News+and+politics religion philosophy the cynic librarian: Are Journalists Better Than The Rest of Us?

Monday, May 22, 2006

Are Journalists Better Than The Rest of Us?

Does the press have no more/no less rights than a citizen has? On the face of it, this seems to be an appeal to fairness and one that plays on the fear that someone will get more--have more rights--than someone else. The power of this suggestion is very strong in American life, where power, money, prestige, and other things rest on the principle of rights. ...

This emotionally charged appeal would then seem to work in a media critic's favor. We don't like to think that anyone else is getting something that we can't--in principle--get too. This argument sits at the basis of many of the Right and Left appeals for justice and equality.

Yet, I think that this appeal, while unsavory, is wrong not because of its implicit legal correctness but because it misses the point. That is, the rights that I have to freedom of expression are different from the rights that news media have. If I read the constitution correctly, freedom of the press is not lumped together with an individual's right to freedom of expression. Freedom of the press stands by itself as another right:

or abridging the freedom of speech, or of the press [First Amendment]
This "freedom... of the press" could be seen from several angles. That is, I could see it from the angle of myself as a citizen who has an implied right to true ideas and information. This right is based on the presupposition that to carry out my duty as a citizen I must have the truest and most accurate information to make an informed political decision.

The second aspect of the right of a free press involves the rights of journalists as journalists. It seems to me that in their role of journalists, they perform a function that is inherently different from that of an individual citizen.

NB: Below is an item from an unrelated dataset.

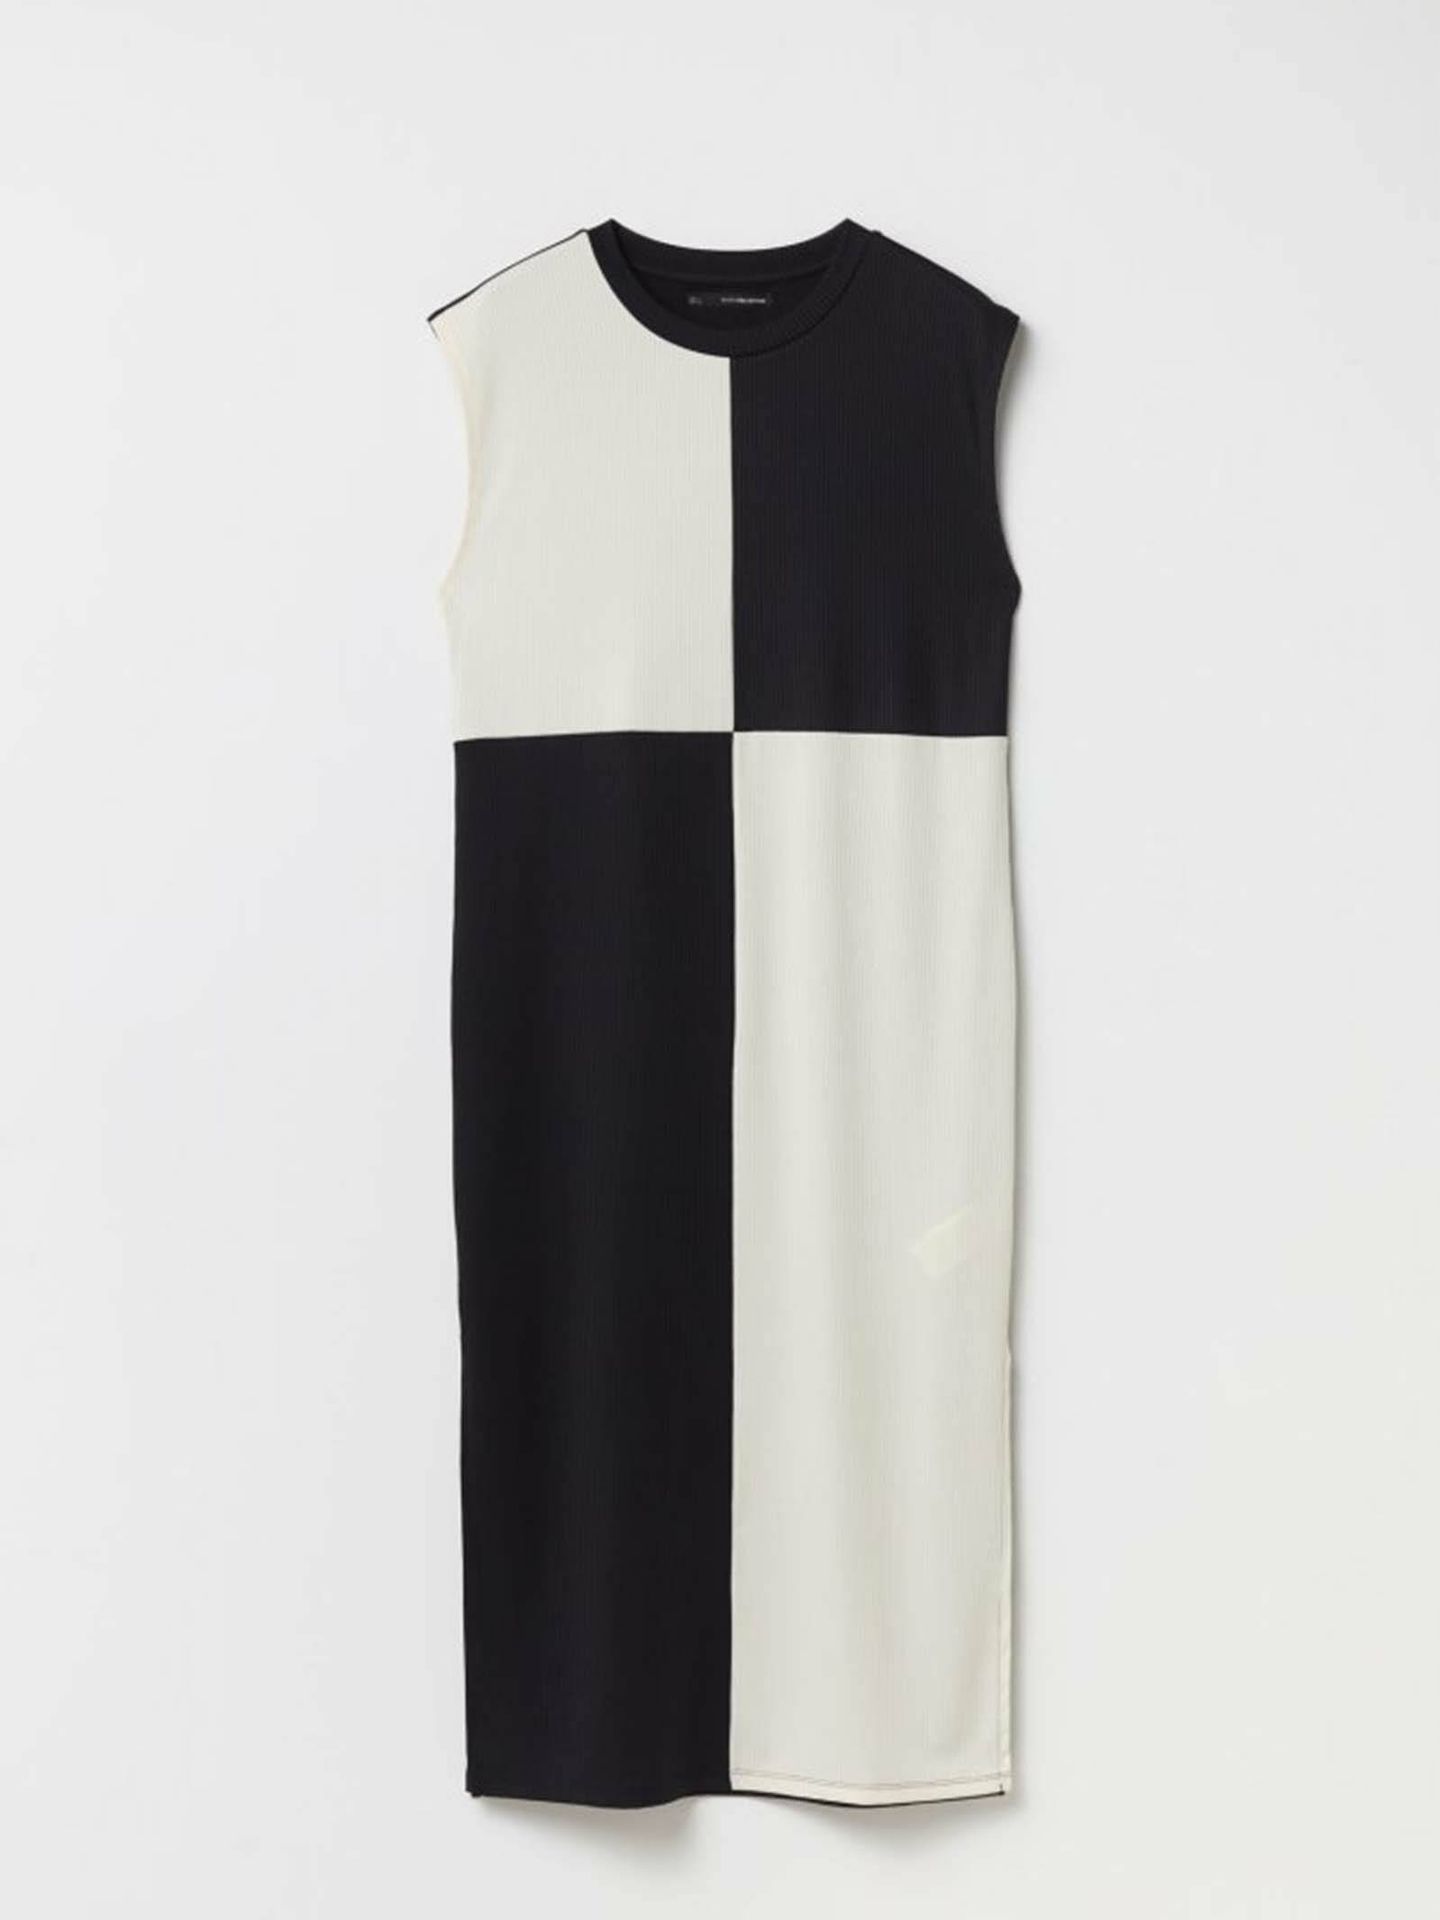 Bicolor como el Letizia y de una de las marcas favoritas de Leonor, el vestido que arrasa en ventas este verano. (Sfera/Cortesía)

This function, I suggest, has attached to it certain rights that go above and beyond those that an individual acting solely as a citizen has.

But there are people who have different rights, depending on their functions, no? Police have the right to kill people engaging in threatening acts. An executioner has the right to put someone to death. Soldiers can kill in war. These are rights that come in the preformance of a certain function. If a policeperson were to kill someone off-duty and without cause, they'd be prosecuted like you or me.

Journalists--as journalists--do have rights that accrue to their function of reporting news. They must have a press pass to enter places where you or I can't--a crime scene, for example. I believe that the case law on this protects these "special" rights that journalists have when they are carrying out their function as a journalist.

We should not conflate these two rights. Playing on the emotional appeal attached to the idea of someone having more or getting more via special privileges or rights, he wants to call into play the resentment that often haunts the modern representative democracy framework of government.

Yet, the framers of the constitution appear to have realized that a free press warrants a separable set of rights. These guarantee what further seems to be a necessity in a democracy: the free flow of and access to information that enables citizens to carry out their constitutional right to a free and democratic government.